— Ну, этот Феденька получит у меня маленькую соску…— Голос был знаком, но не вызвал почему-то ни радости, ни желания, обернуться… Голос был знакомый, но интонация какая-то новая, торжествующая! Что же, интересно, изменилось в воздухе? Я все-таки обернулся: догоняя меня, но двигаясь уверенно и неторопливо, шел… Боб во главе своей лихой команды. Да, слухи о чудесном его спасении не были ложными… Но что же случилось еще — ну, выпустили, ну и что, мало ли кого выпускают! Но они шли, явно торжествуя, явно победившие, уничтожившие преграды… Шагнув чуть в сторону с их дороги, я стоял с безразлично-скучающим видом и вдруг все увидел. Они шли, как обычно, не обращая внимания на встречных, торопливо сшагивающих с дороги в грязь на обочине, как и я… они шли, так же внятно матерясь, отнюдь не понижая голоса на рискованных выражениях, скорее, повышая… Но — произошел переворот — уверенность в их поведении стала понятна: на рукавах их потрепанных одежд сияли красные повязки!
Все ясно!
Значит, мифы о происшедшем где-то на высоком уровне смыкании властей с непокорным Бобом оказались реальностью!.. Ну и правильно — с кем же смыкаться, как не с тем, кто до этого жить не давал, а теперь помогает! Большая победа!
Результаты этого блестящего соглашения все наблюдали приблизительно через час, когда, согласно новым постановлениям, начали давать алкоголь: Боб со своей командой регулировал толпу — двое стояли на ступеньках, двое у входа в магазин и строго следили за тем, чтобы никто из очереди не мог пройти, при этом вполне откровенно, с радостными громогласными прибаутками пропускали своих!
Один из них, юный стажер, сновал вдоль очереди, открыто подходя к некоторым, что-то предлагая, собирая деньги. Подошел и ко мне:
— Чего тебе?
— Что значит — тебе? — И явная наглость его и юный вид возмутили меня.
— Бутылку, две? — лениво продолжил он.
— А сверху сколько? — сугубо теоретически поинтересовался я.
— А столько же, сколько и снизу,— ничуть не конспирируясь, а, наоборот, красуясь, произнес он.
Все вокруг покорно молчали. Один только — крупный, седой, отставного полковничьего вида — громогласно возмущался, но все же стоял. А вот и сам Боб, сопровождаемый льстивым гулом, без малейшей задержки, как нож в масло, проследовал в магазин.
Я покинул очередь. Сердце стучало. Превращение, которое случилось с бывшим Борей-бойцом, бывшим борцом за справедливость, было ужасно.

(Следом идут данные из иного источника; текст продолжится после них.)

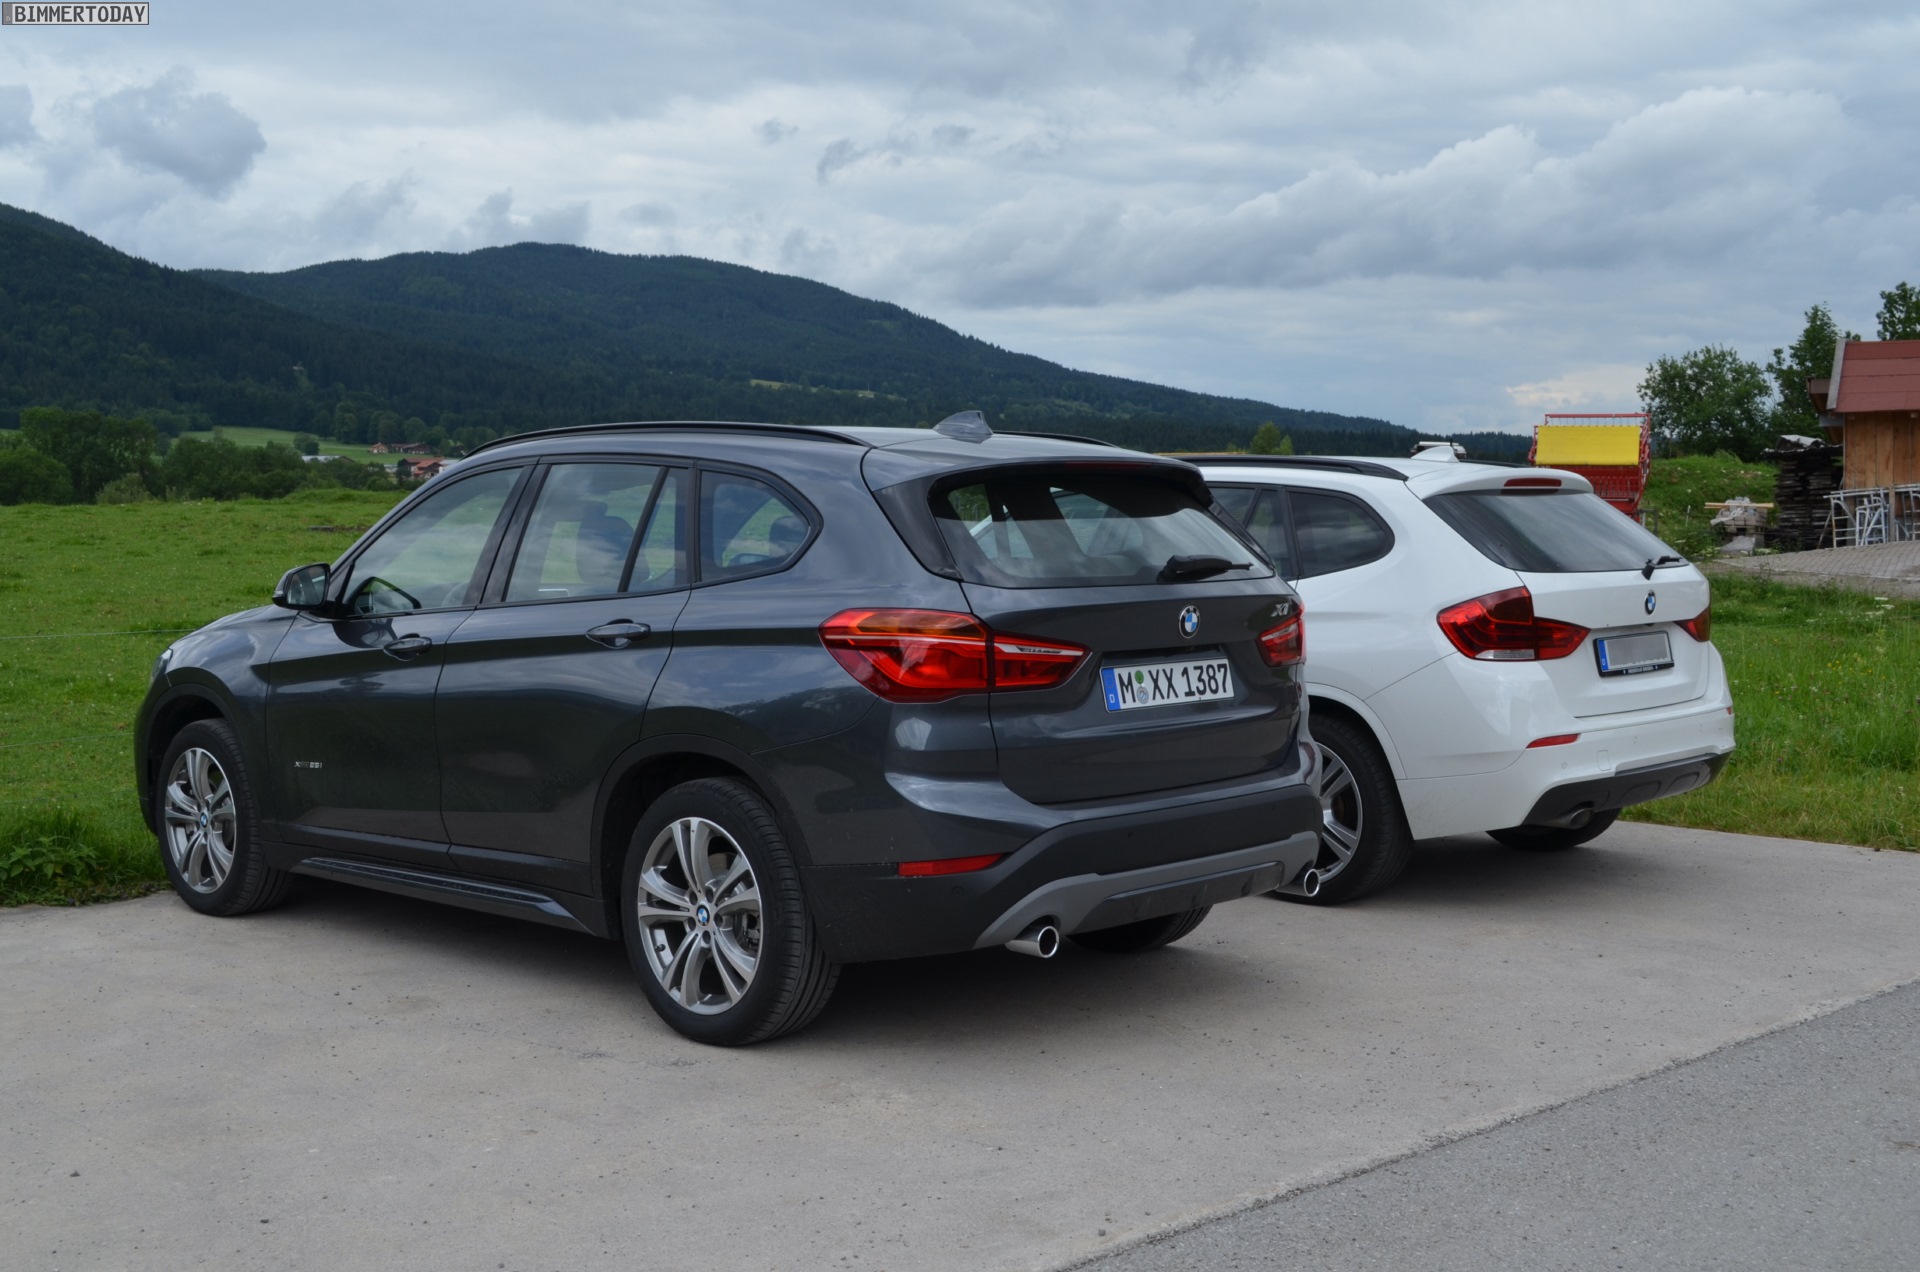 2016 BMW X1 (F48) rear three quarter compared with 2014 BMW X1 (E84)

Но как же можно так управлять людьми, развивая в них самое отвратительное, думал я.
…Впрочем, быть бойцом, как показали дальнейшие события, Боря не перестал — в этом я с содроганием убедился несколько позже,— но вот за что он теперь бился, другой разговор.
Бурные события не могут быть долгими, всегда найдется какой-то способ соглашения — разумеется, не в пользу бедных, а исключительно в пользу наглых.
Спустившись в свой двор примерно через месяц, я застал новую фазу развития общества: возле магазина не было вовсе никакой толпы! Я подошел ближе. Магазин был закрыт. По какому праву? Ведь рабочее же время! Черт знает что, абсолютно что угодно делают с нами, даже и не думая оправдываться!!
…Но как же Боб и его команда — неужто и им отлуп, неужели их вновь обретенная сила никак не повлияла на ситуацию?
Я опустился на парапет.
— Сколько тебе? — раздался голос знакомого стажера.
— Чего — сколько? — недоуменно спросил я, ведь магазин же закрыт!
— Да он не по этому делу! — послышался знакомый тенорок.
Я обернулся. На скамейке бульвара, среди роз, рядом с пухлыми огромными сумками сидели «люди Боба» и сам Боб. Все они благодушно смеялись ошибке своего шустрого, но недостаточно опытного стажера, в порыве искреннего рвения подошедшего не к тому.
Я смотрел на их пухлые сумки… Так вот где теперь магазин! И прежний магазин тоже имеет свою прибыль, только ему теперь вовсе не обязательно работать! Все складненько и ладненько — две ведущие силы современности уверенно сомкнулись над нашими головами, беспорядки и толковища позади, все теперь цивилизованно, толково, бунтари сомкнулись с системой, к общему удовлетворению сторон. И никто не в убытке, все с наваром — кроме, разумеется, бедных и слабых, но, как говорится, «кого гнетет чужое горе»?!
Когда я опять прошел мимо них с кефиром в руках, это вызвало новый прилив веселья у благодушествующих парней — Боб даже ласково взъерошил гриву ретивого, но пока что бестолкового ученика, предложившего вино тому, кто, кроме кефира, ничего в жизни не видал!